Анархисты борются против условий, порождающих наркоманию, против того, как власти используют зависимость в своих интересах, чтобы нанести дополнительный ущерб сообществам, а также против самой зависимости. В следующих далее размышлениях Ангустия Селесте пересматривает стратегии снижения вреда через призму личной трагедии и горя.
Арт: Rena Yehuda Newman.
Это не было неожиданной смертью
Когда семь лет назад моя лучшая подруга умерла от передозировки фентанила (сильнодействующий синтетический опиоид, в 50-100 раз сильнее морфина, применяемый для обезболивания – прим. переводчика), это не было неожиданной смертью. Это был статистически вероятный исход ее семнадцатилетней борьбы с зависимостью, учитывая все более фатальную ситуацию с опиоидным кризисом.
В юности мы с ней представляли себя живущими вне общественных норм, но с ее смертью она оказалась в середине кривой.
То, что я предвидела это, не смягчило горе. Остаются упреки и недостатки, которые можно оценить только задним числом. Как только я закончила обдумывать, какие действия я могла бы предпринять, чтобы попытаться изменить ход событий или хотя бы извлечь пользу из нашего совместного времени, которое в юности представлялось мне бесконечным, я начала размышлять о том, что сделали и чего не сделали коллективные “мы”. В конце концов я пришла к той правде, что моя потеря была не просто индивидуальной: она была поколенческой, определяемой силами более значительными, чем те, которые я изначально рассматривала в своем отчаянии.

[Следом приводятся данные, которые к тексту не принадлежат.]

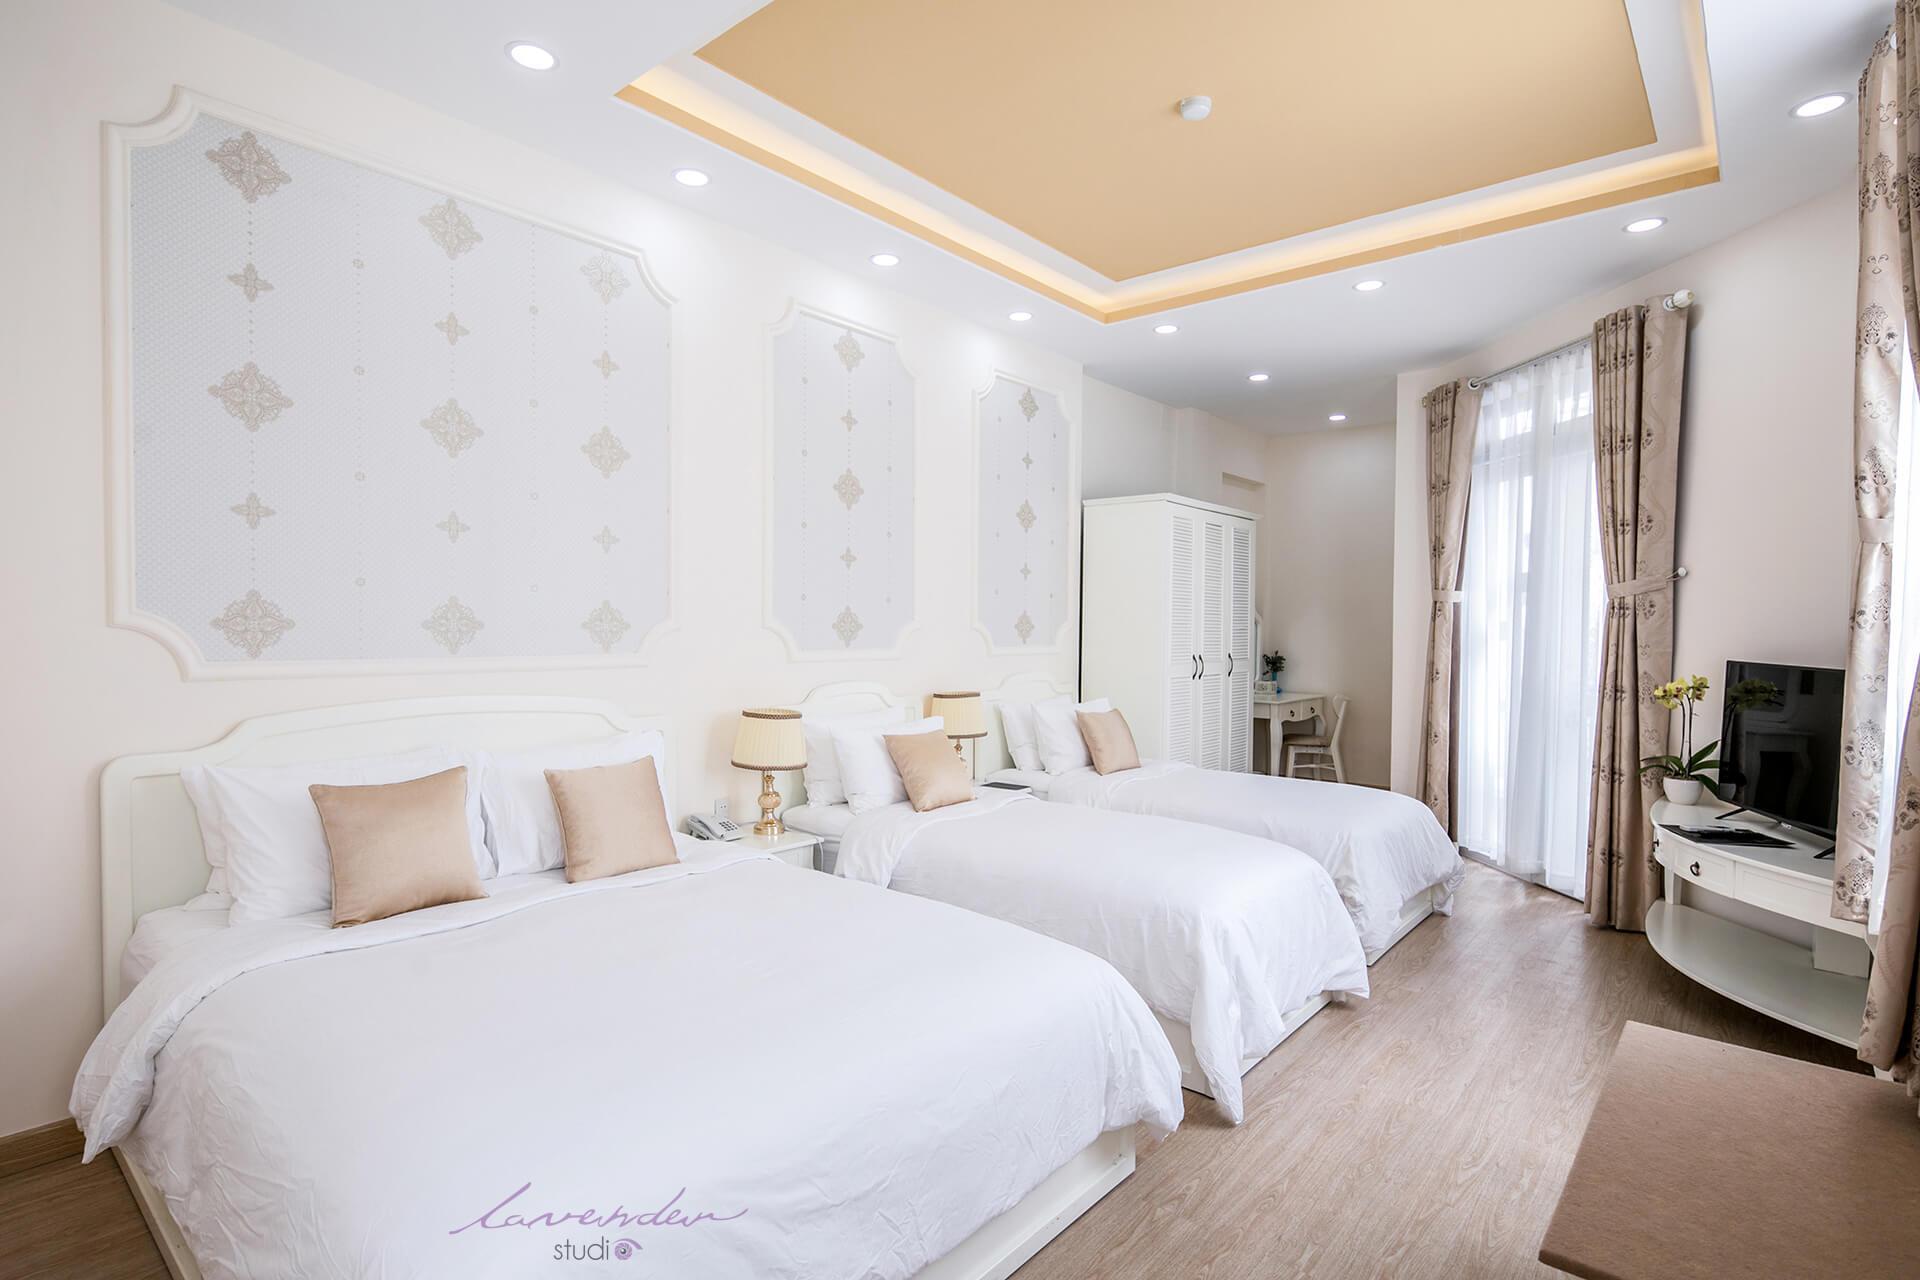 dịch vụ chụp khách sạn ở Sài gòn

Я знакома со смертью как лично, так и профессионально. С тех пор как мне исполнилось тринадцать лет, каждые несколько лет умирал кто-то из моих близких. И все же горе - это то, что выносить с каждым разом становится все тяжелее, а не легче. Эта утрата уходит корнями в мое детство, ведь моя подруга сыграла важную роль в формировании моего мировоззрения, когда мы были подростками.
Предыстория
До того, как я оказалась вовлечена в политику, она помогала мне найти утешение в экзистенциалистах и художественном нигилизме/гедонизме бит-поколения. Отказ от уверенности в существовании высших сил ради неизвестной бездны человеческого потенциала имел для меня смысл. Не имея предопределенной судьбы, мы должны были прожить свою жизнь по линиям, разработанным нами самими. Успех, неудача и то, как мы реализуем свой потенциал, определялись не каким-то божеством, а возможностями и угнетением нашего общества. Это был другой вид социального детерминизма. Он был свободным из-за моей собственной привилегированности и пугающим, потому что не давал успокаивающей уверенности в каком-то конкретном исходе.
На ее поминках отец выставил архивные записи из ее дневников. Я с ужасом наблюдала, как наши друзья и родственники читают очень личные вещи о нашем подростковом возрасте. Я испытывала дискомфорт от этого - думаю, она бы его разделила. Ее семья, к их огромной чести, была откровенна и честна в отношении ее смерти. Некролог поэтично начинался словами: “Умерла от наркотической зависимости в 35 лет”.
Ее отец, явно всё ещё переживавший утрату, отозвал меня в сторону и попросил рассказать историю начала ее зависимости.
Я рассказала ему всё, что могла, о том, как мы начали употреблять героин, но не стала касаться причин. А он хотел знать, почему. Почему мы чувствовали себя такими неприкасаемыми? Почему мы не знали, что это опасно? В таких вопросах, задаваемых спустя десятилетия, есть своя жестокость.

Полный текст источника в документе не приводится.